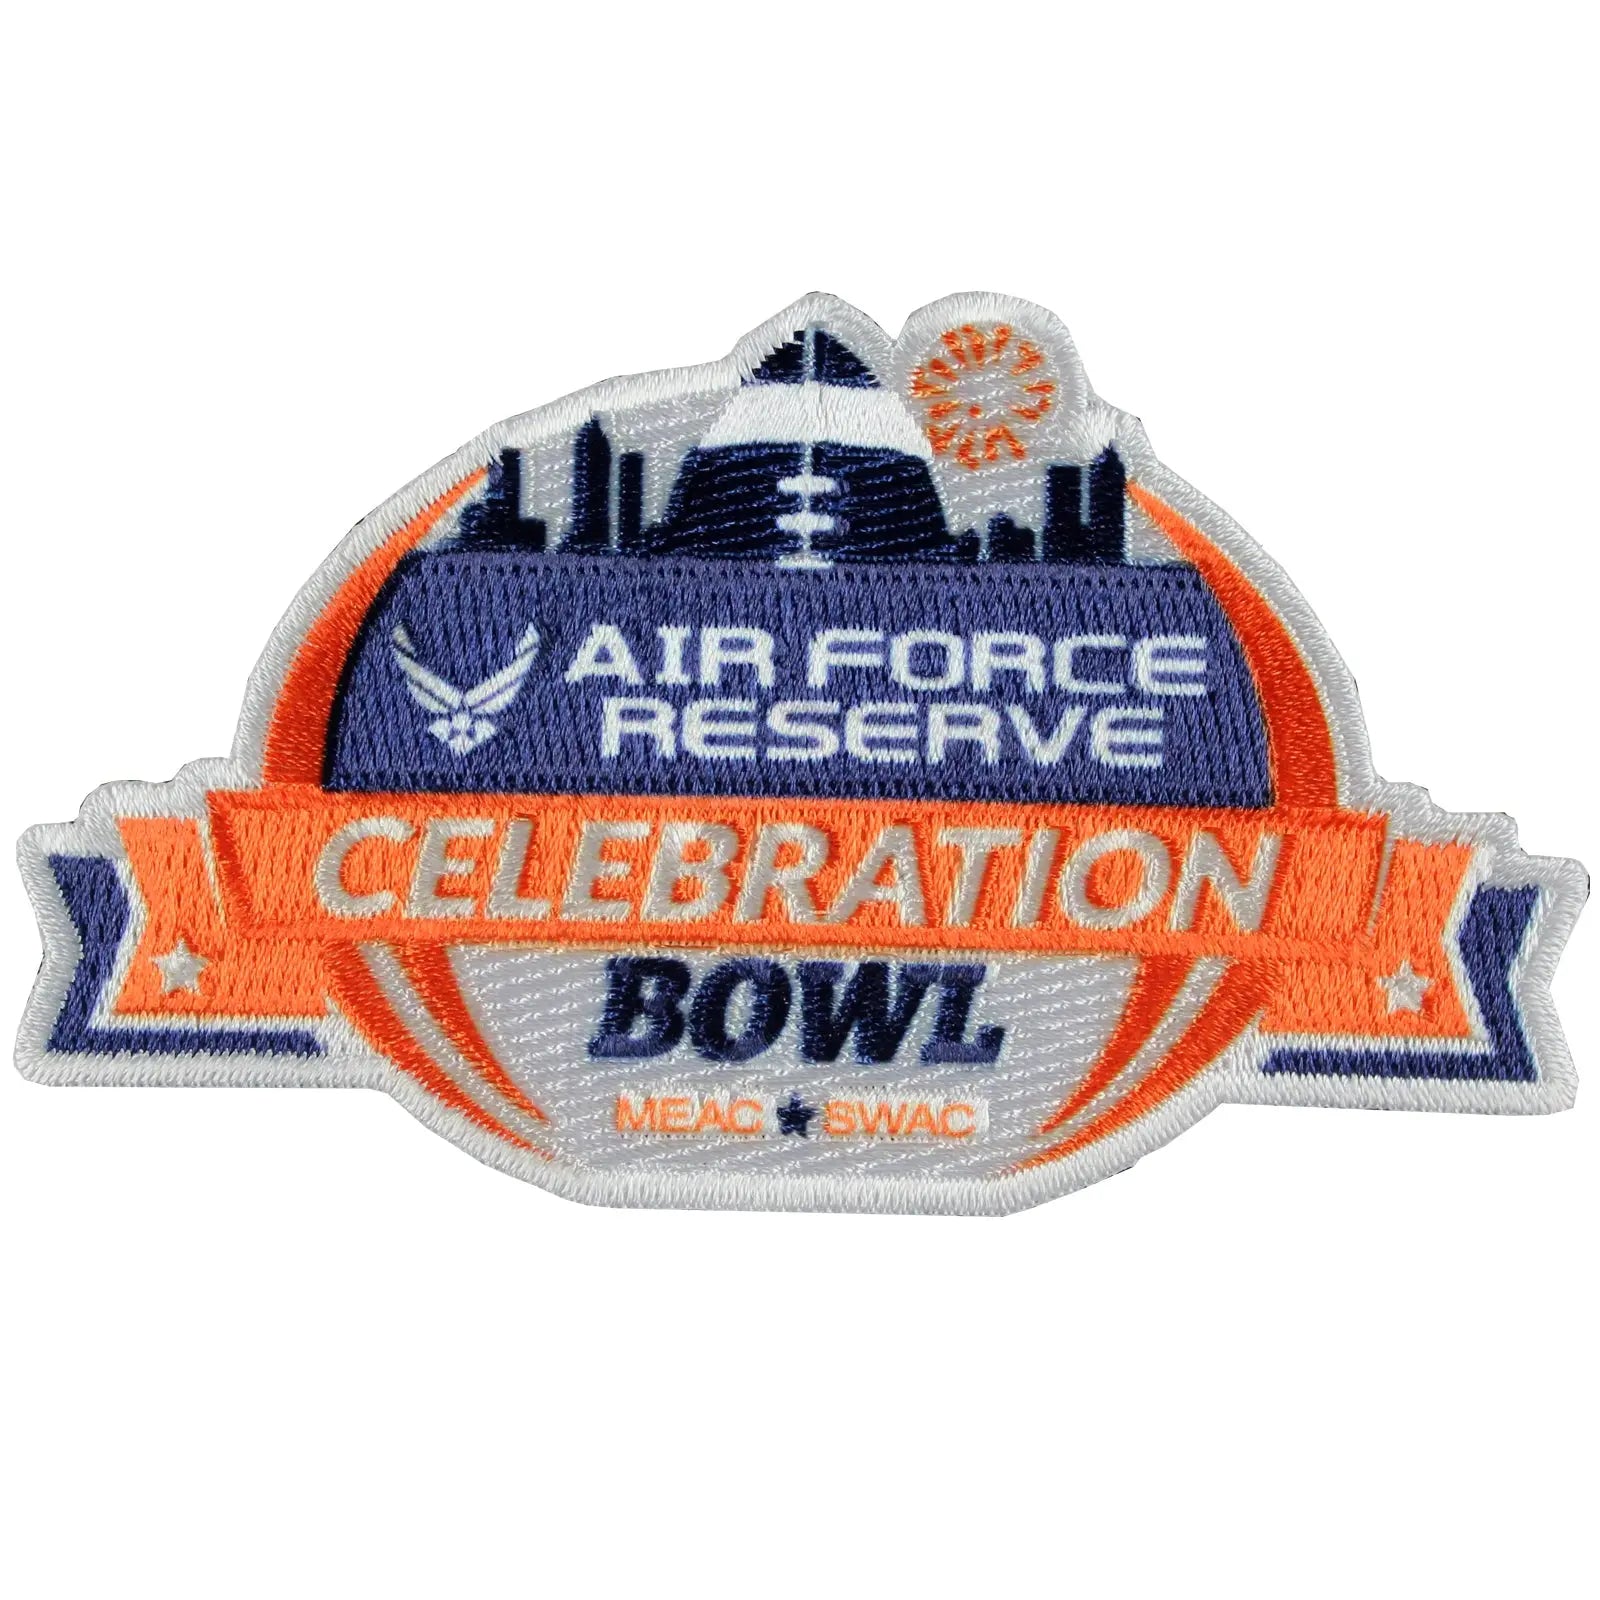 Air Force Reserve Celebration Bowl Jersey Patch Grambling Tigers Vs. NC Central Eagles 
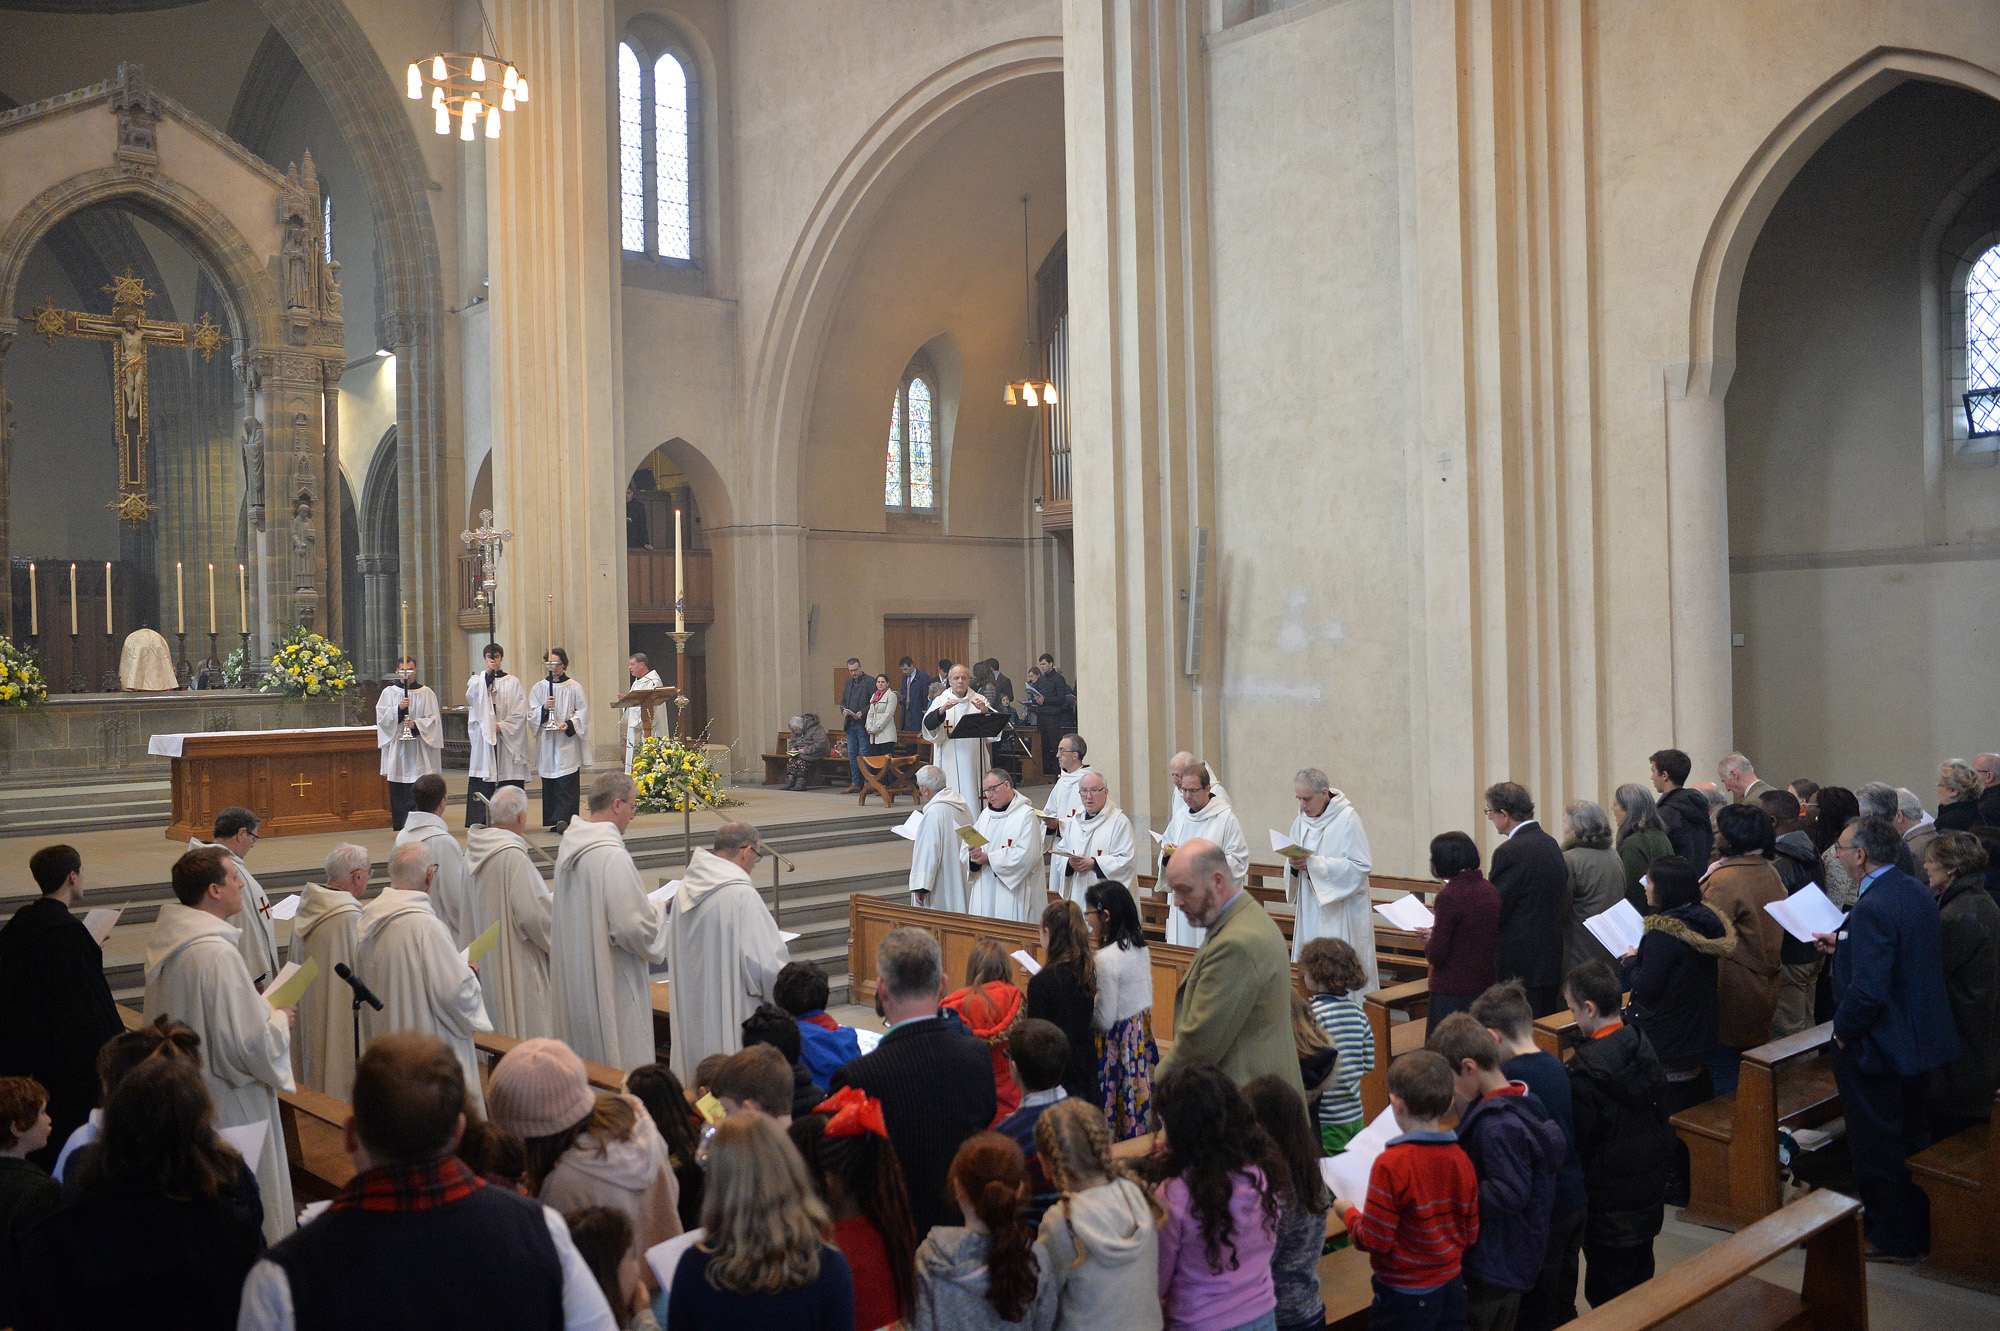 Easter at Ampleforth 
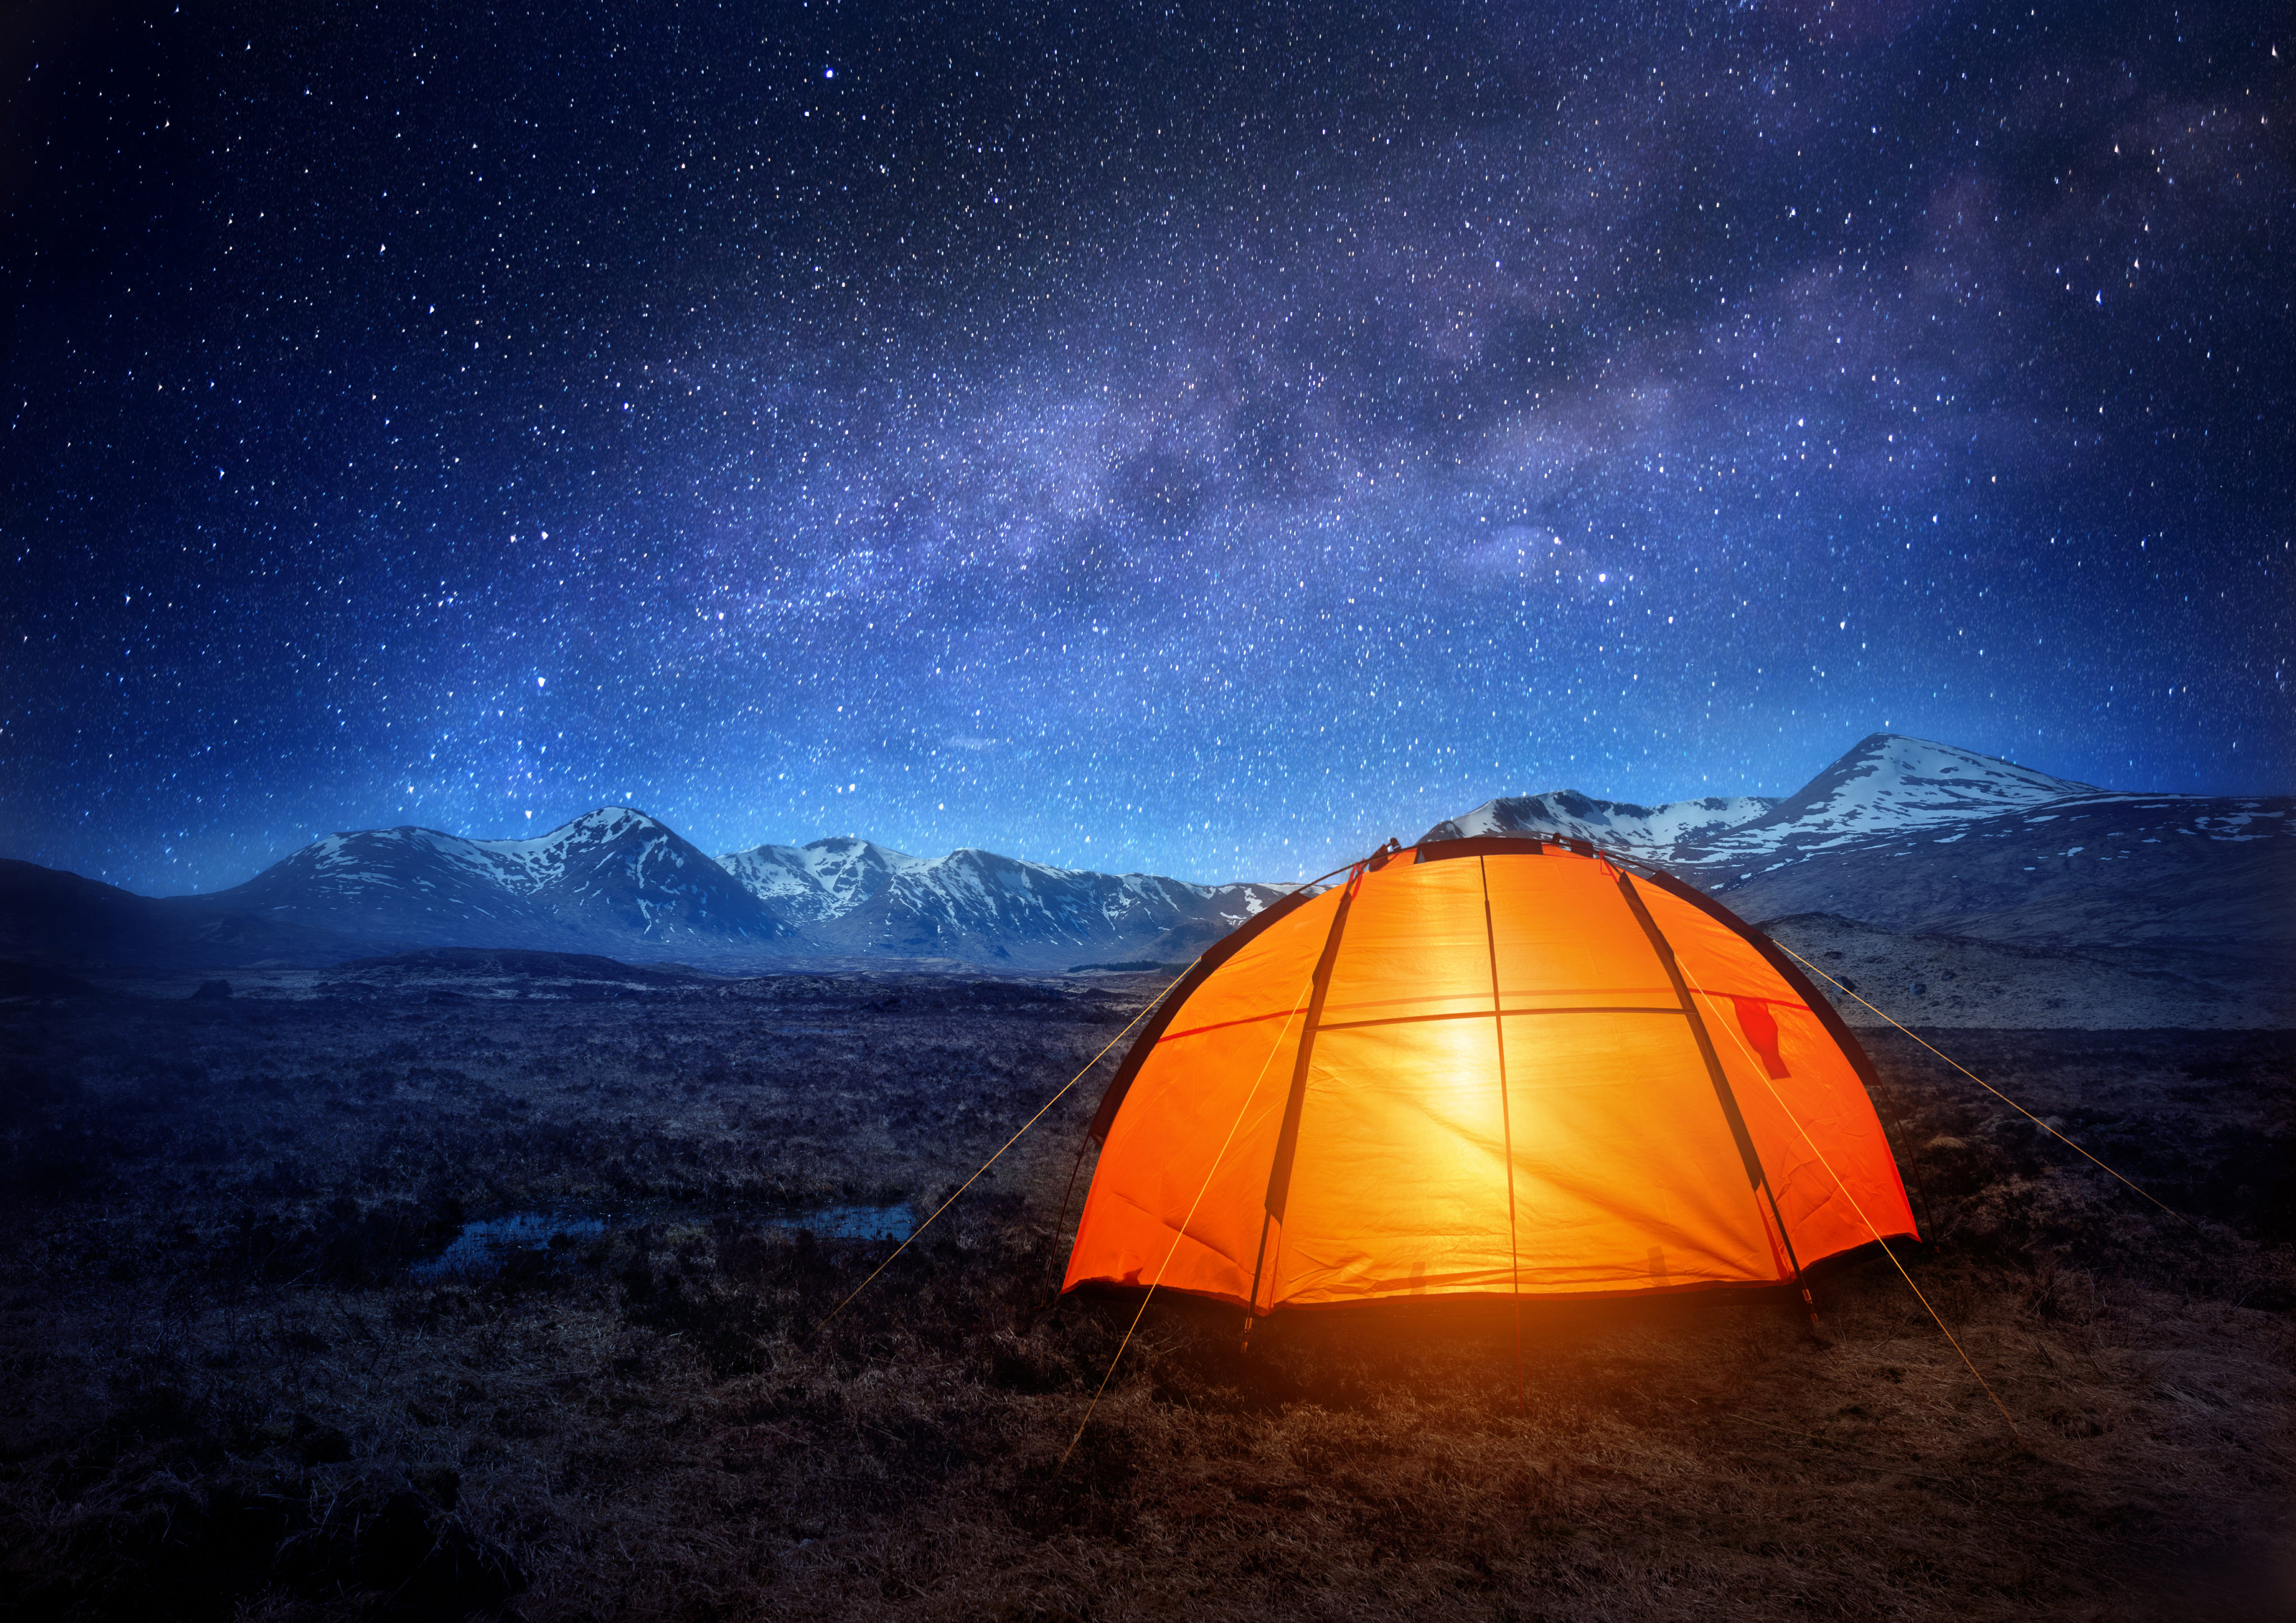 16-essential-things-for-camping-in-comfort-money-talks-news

Your objective >> None of the pictures should be carried over when the data above is transcribed exactly.

Task solution >>
 Air Force Reserve Celebration Bowl Jersey Patch Grambling Tigers Vs. NC Central Eagles 
 Easter at Ampleforth 
 16-essential-things-for-camping-in-comfort-money-talks-news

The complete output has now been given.